**What you are asked to do:** Keeping every word the same, give again only the lines from the one with "N325LT, 2014 Epic" through the end of the data, both included, and leave every picture out.

**Supplied material:**
'''

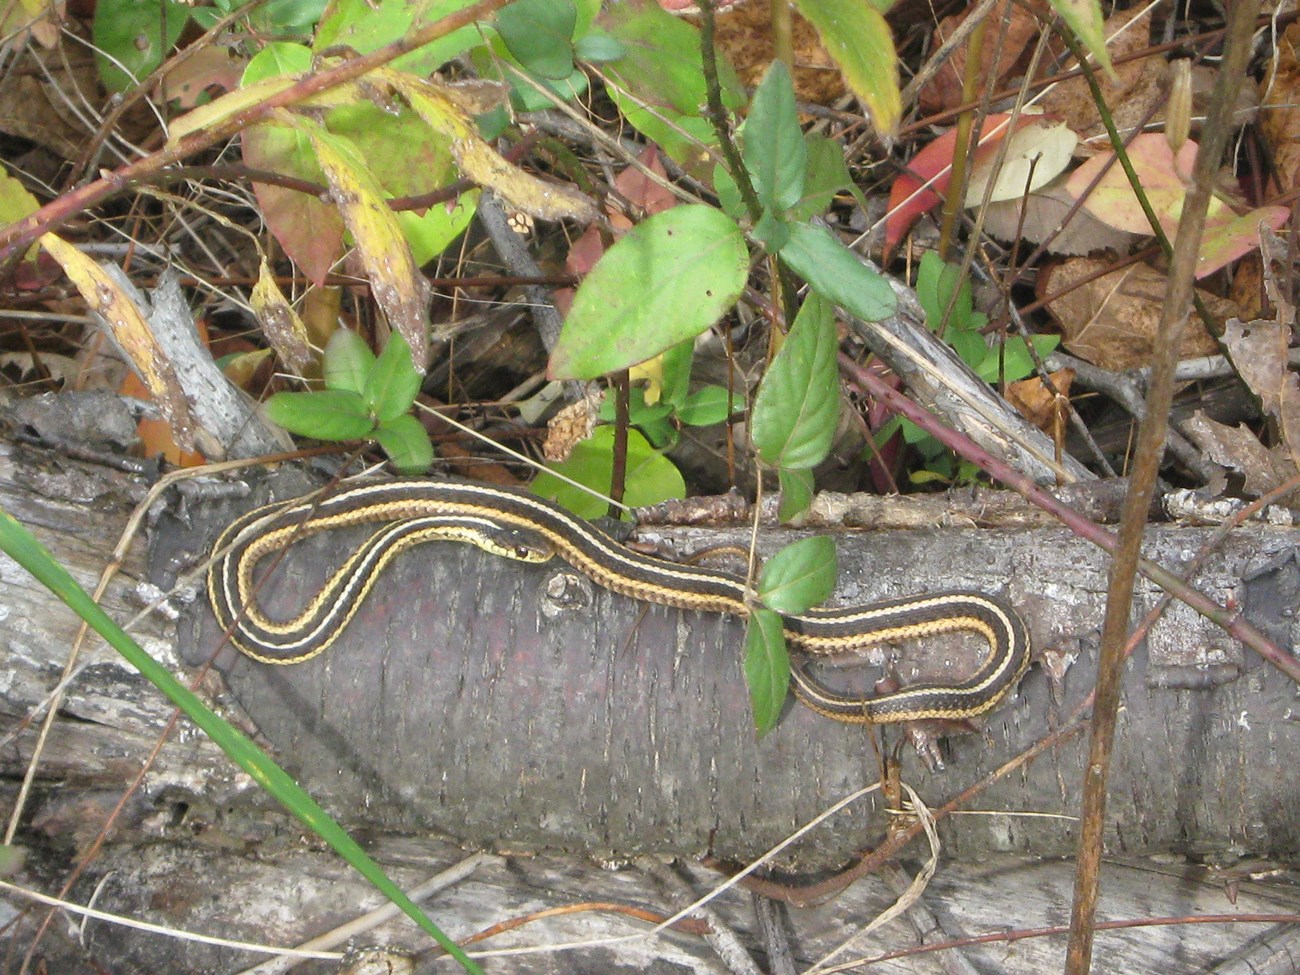 An eastern garter snake basks on a log to stay warm.
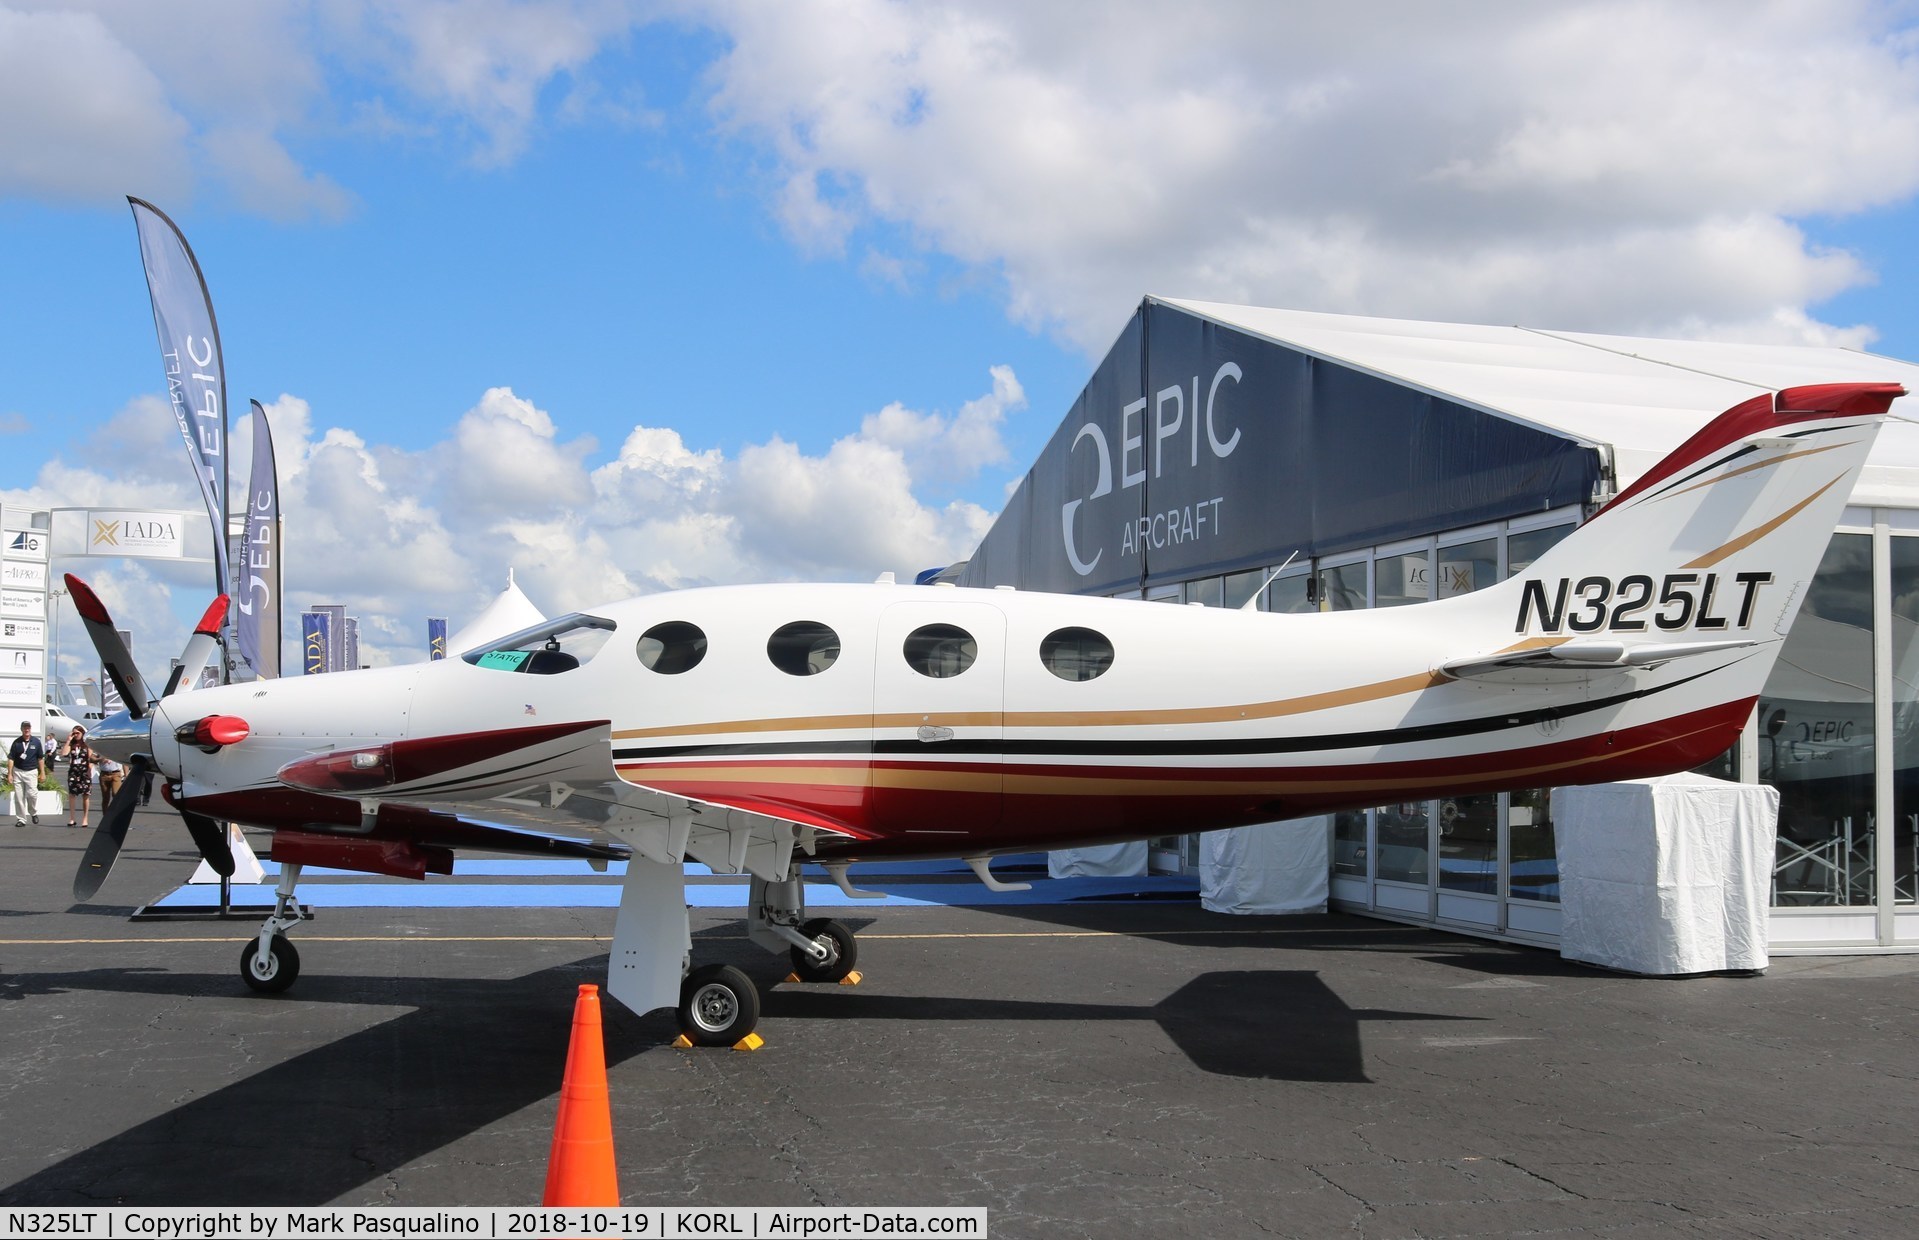 N325LT, 2014 Epic Aircraft LT C/N 046, Epic LT
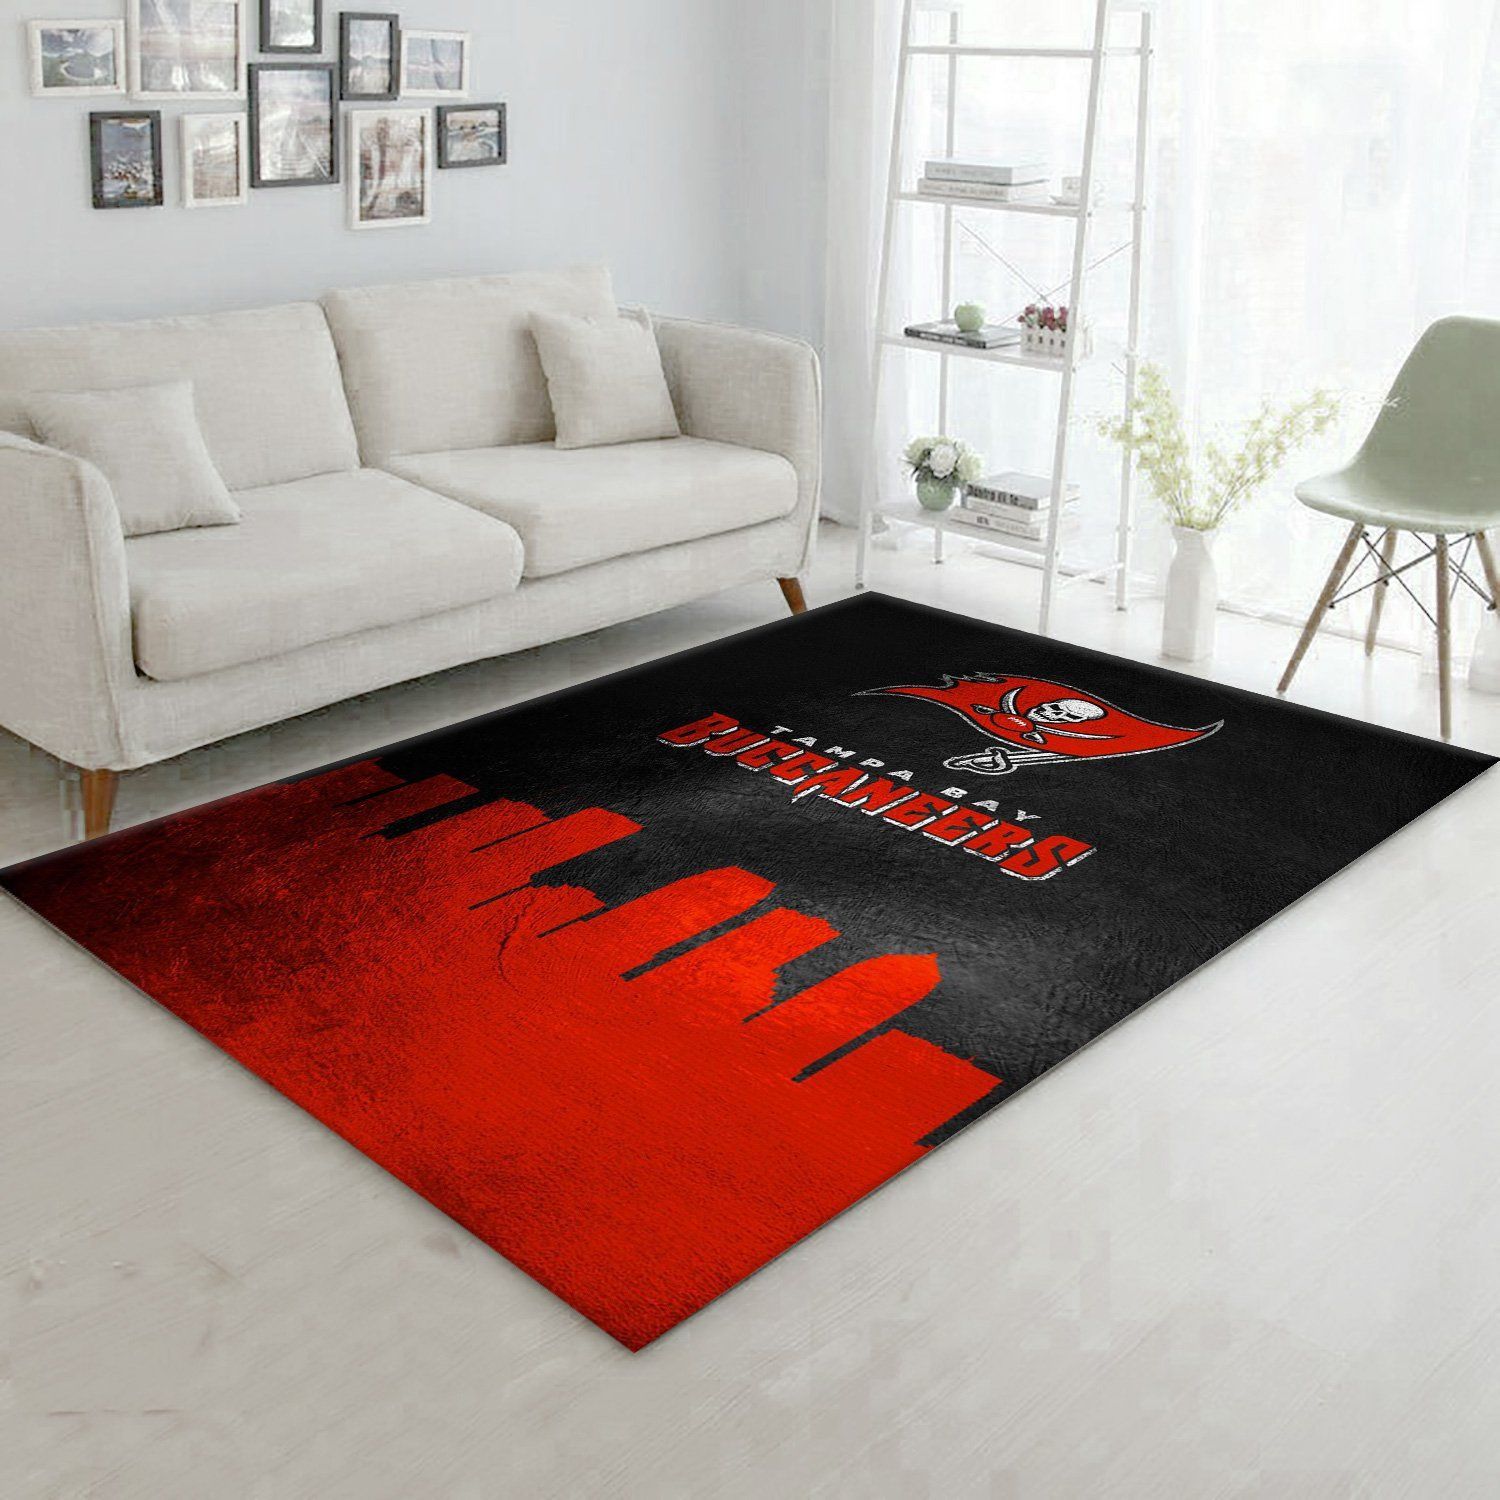 Tampa Bay Buccaneers NFL football fan Floor home decoration carpet rug

'''

**Exercise response:**
 N325LT, 2014 Epic Aircraft LT C/N 046, Epic LT
 Tampa Bay Buccaneers NFL football fan Floor home decoration carpet rug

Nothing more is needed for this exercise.